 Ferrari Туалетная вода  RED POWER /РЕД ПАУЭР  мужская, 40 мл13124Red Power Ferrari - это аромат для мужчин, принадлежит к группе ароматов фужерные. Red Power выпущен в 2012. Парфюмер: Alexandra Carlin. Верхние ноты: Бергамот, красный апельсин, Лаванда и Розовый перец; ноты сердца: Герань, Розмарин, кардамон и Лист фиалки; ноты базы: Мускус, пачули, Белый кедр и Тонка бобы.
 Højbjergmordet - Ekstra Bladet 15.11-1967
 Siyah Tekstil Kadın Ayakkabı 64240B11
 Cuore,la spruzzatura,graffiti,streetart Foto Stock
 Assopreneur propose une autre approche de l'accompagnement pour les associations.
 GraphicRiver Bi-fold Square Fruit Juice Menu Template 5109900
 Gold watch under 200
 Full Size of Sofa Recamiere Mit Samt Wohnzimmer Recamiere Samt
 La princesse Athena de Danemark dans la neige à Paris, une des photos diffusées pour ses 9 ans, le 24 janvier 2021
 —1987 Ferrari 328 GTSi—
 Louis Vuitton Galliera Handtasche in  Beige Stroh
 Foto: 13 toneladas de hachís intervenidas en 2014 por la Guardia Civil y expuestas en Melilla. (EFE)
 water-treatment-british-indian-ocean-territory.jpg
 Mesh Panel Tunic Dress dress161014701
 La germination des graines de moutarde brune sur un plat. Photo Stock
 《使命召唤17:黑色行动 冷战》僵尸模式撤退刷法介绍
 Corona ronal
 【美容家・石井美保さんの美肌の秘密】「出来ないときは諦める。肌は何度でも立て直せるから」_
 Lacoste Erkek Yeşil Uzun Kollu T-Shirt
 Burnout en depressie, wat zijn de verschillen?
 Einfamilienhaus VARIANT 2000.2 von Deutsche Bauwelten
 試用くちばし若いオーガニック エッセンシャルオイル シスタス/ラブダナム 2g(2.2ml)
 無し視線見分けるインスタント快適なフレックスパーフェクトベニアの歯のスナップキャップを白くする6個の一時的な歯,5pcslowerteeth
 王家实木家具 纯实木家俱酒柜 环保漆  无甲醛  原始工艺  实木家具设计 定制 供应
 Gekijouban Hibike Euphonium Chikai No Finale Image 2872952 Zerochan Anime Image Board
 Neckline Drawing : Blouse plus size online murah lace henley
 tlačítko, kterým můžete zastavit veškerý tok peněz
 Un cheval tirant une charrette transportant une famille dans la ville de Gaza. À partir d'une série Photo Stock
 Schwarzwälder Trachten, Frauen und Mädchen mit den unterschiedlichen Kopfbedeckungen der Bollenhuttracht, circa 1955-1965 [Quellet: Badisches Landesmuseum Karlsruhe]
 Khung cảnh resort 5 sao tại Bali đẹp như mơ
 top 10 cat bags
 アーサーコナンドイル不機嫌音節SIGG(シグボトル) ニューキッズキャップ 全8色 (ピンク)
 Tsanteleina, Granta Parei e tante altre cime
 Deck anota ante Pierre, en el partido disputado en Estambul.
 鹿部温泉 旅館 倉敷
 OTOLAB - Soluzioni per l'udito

□ □ □ □

For the listing above, print only the lines starting at the line containing "Corona ronal" and ending at the line containing "試用くちばし若いオーガニック エッセンシャルオイル シスタス/ラブダナム", exactly, both included.

▶ Task solution:
 Corona ronal
 【美容家・石井美保さんの美肌の秘密】「出来ないときは諦める。肌は何度でも立て直せるから」_
 Lacoste Erkek Yeşil Uzun Kollu T-Shirt
 Burnout en depressie, wat zijn de verschillen?
 Einfamilienhaus VARIANT 2000.2 von Deutsche Bauwelten
 試用くちばし若いオーガニック エッセンシャルオイル シスタス/ラブダナム 2g(2.2ml)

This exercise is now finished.